How to defeat Nimbys over new housing and planning
For some among the Conservative Party tribe descended upon central Manchester, there’s a roar as deafening as the drumbeats and shouts of ‘Tories out’ echoing from protesters gathered outside the Midland Hotel.
It’s the roar of internal complaint about planning reform and dissent at the direction of housing policy. In a way their external enemies could never hope to achieve, those inside the party tent, most prominent among them the backbench WhatsApp group of planning refuseniks, saw to the banishment to the backbenches of former housing secretary Robert Jenrick.
In his place, dancing onto the podium, with a newly minted Whitehall brand the Department for Levelling Up, Housing and Communities (pronounced Deluxe), strides Michael Gove with a remit to not just turn the ubiquitous slogan into something concrete and meaningful, but to defuse the landmine field which planning policy has swiftly become.
In his role as government cleaner up of tricky problems in chief, Mr Gove has little more than two years to convince the public that the government’s commitments to place prosperity can be delivered in all four corners of the land.
When it comes to planning, this has to be unravelled from the foundered ambitions of last year’s ‘Planning for the Future White Paper’. With its call to break up the post war planning system with a simplified zonal planning scheme which would have given consent by default, the promotion of local design codes to encourage beautiful buildings, the policy prescriptions were certainly radical. But the local planning allocations, blamed as the doing of ‘rogue algorithms’ – were branded by shire Tories as a threat to concrete over the countryside and soon reversed with an algorithm that rebalanced the housing burden back on to our cities.
The result has been the delay and dithering around presenting a planning bill before Parliament and the steady dilution of radical elements. Armed with a new remit, Michael Gove has earned some small measure of time to pause and recalibrate planning policy.
Admittedly, there’s no shortage of advice on offer, and Localis this week presented in a report entitled ‘Building Communities – planning for a clean and good growth future’ a vision for what a bottom up, community-driven planning system could achieve.
Our premise is that when talking about new housing, we are in effect talking about the creation of new communities – communities which will obviously need to sit comfortably within the local economy and social setting in which they are sited. The policy challenge is not to merely manufacture, but genuinely engender popular community consent for new homes where they are most needed, within existing communities.
And if our aim is true sustainability in the sense of creating for the long-term flourishing of people and places, then each principal actor in the housing dance, from central government and its agencies, most notably Homes England, our local authorities, developers and communities alike, will have their unique role to play in planning for and realising a clean and good growth future.
When well resourced and astutely directed, planning can underscore housing and levelling up ambitions. For this to occur, there will be a need for some kind of national effort by the Exchequer to carry a fair share of the burden towards affordable, mixed tenure and sustainable housing in the age of Net Zero.

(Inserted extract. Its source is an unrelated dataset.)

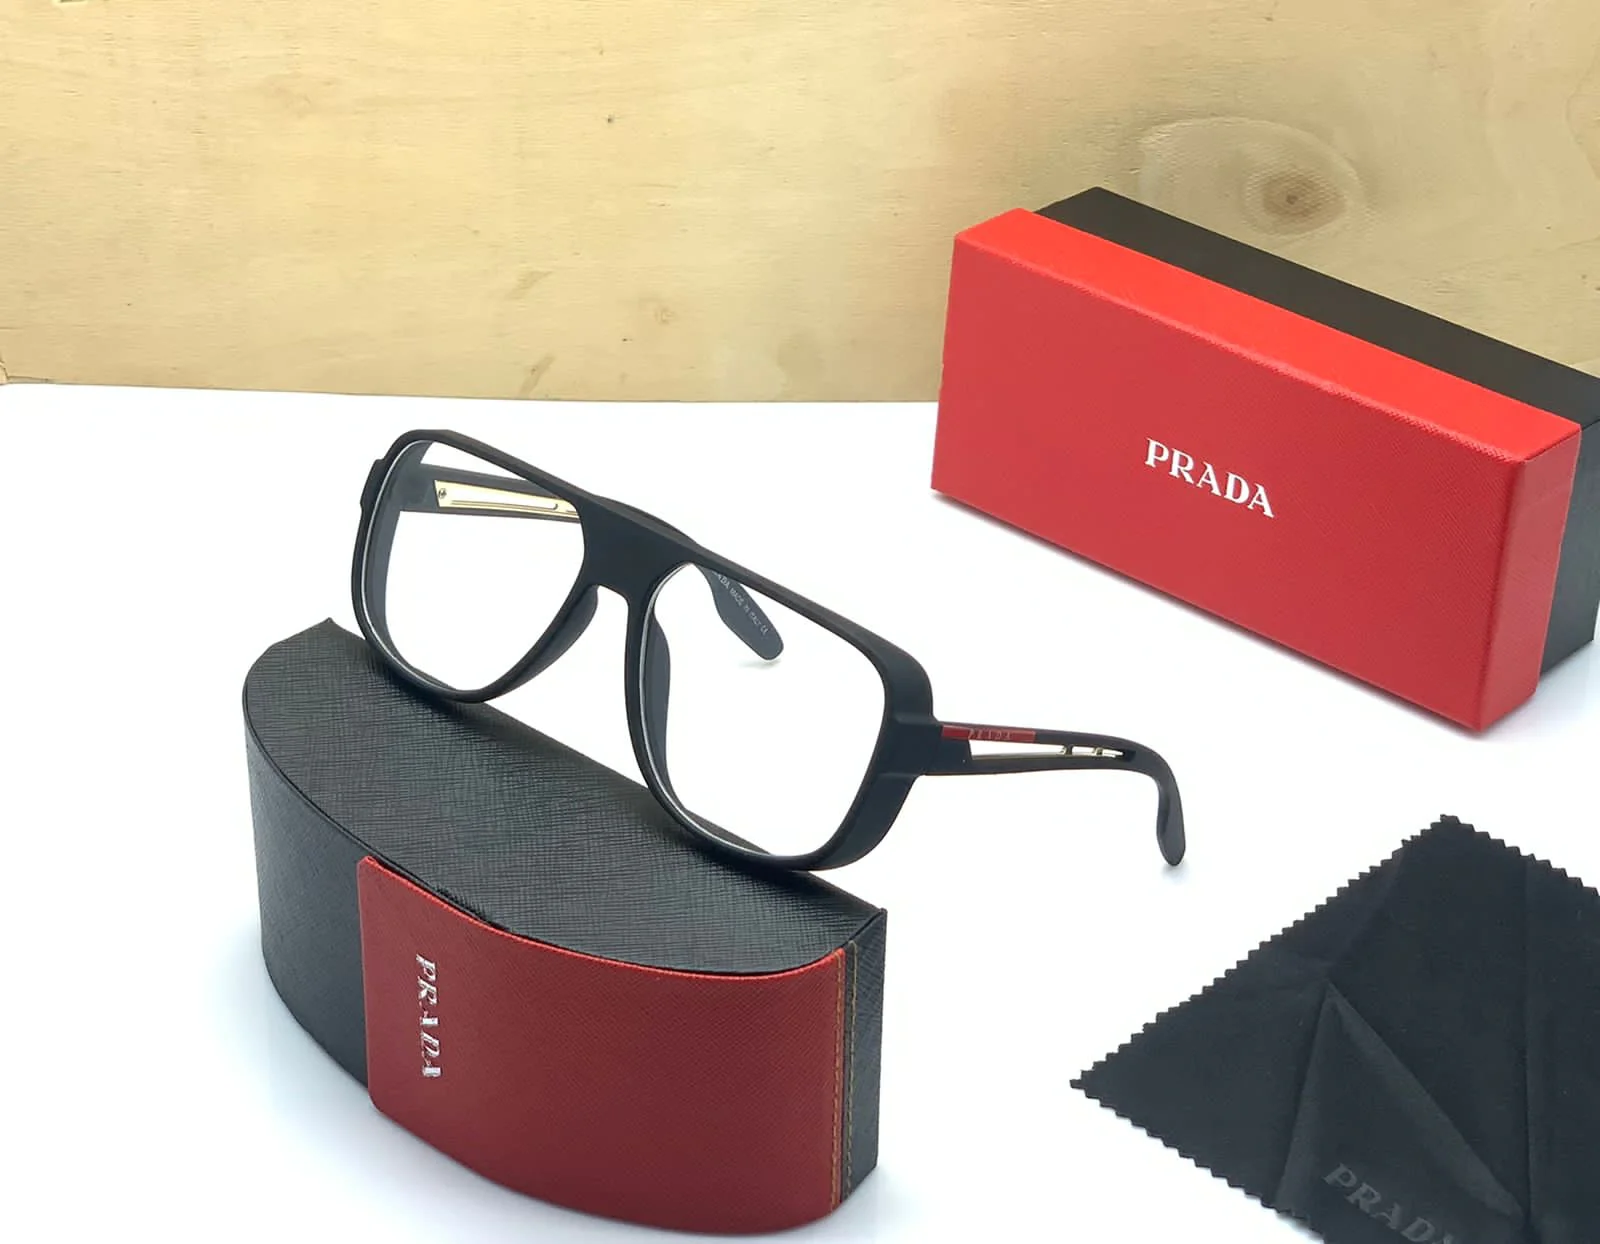 Why Do You Need Prada Sunglasses for Your Next Vacation?

In addressing the challenge of truly local consent for new housing, the new models of design codes as locally approved and commonly agreed styles for local homes is a very good thing. If we value this notion of generating popular consent for local housing growth, the Government should establish a capacity fund to help cover the costs of more universal neighbourhood planning. Similarly, if it’s going to go green in housing, and without putting developers at risk of going in the red, and thereby stalling on new developments, a revamped Carbon Offsetting Fund must be on hand to guarantee this growth.
At the local and hyperlocal level, trust is key. Councils can show how local areas are set to benefit from the social value from new construction. In addition to working with communities to embed local design codes into neighbourhood plans, councils must commit to a hybrid model of improved community engagement around local plan-making – mixing transparent and easy to find digital outreach with more extensive physical events.
It’s second nature for us all, not just politicians, to talk a lot of warm ‘mom and apple pie’ around building better and building beautiful. But fine words go so far. We can’t physically inhabit them. The Gove pause cannot be indefinitely extended. After all the advice, ministers must decide where the drumbeat of planning reform is going to take us.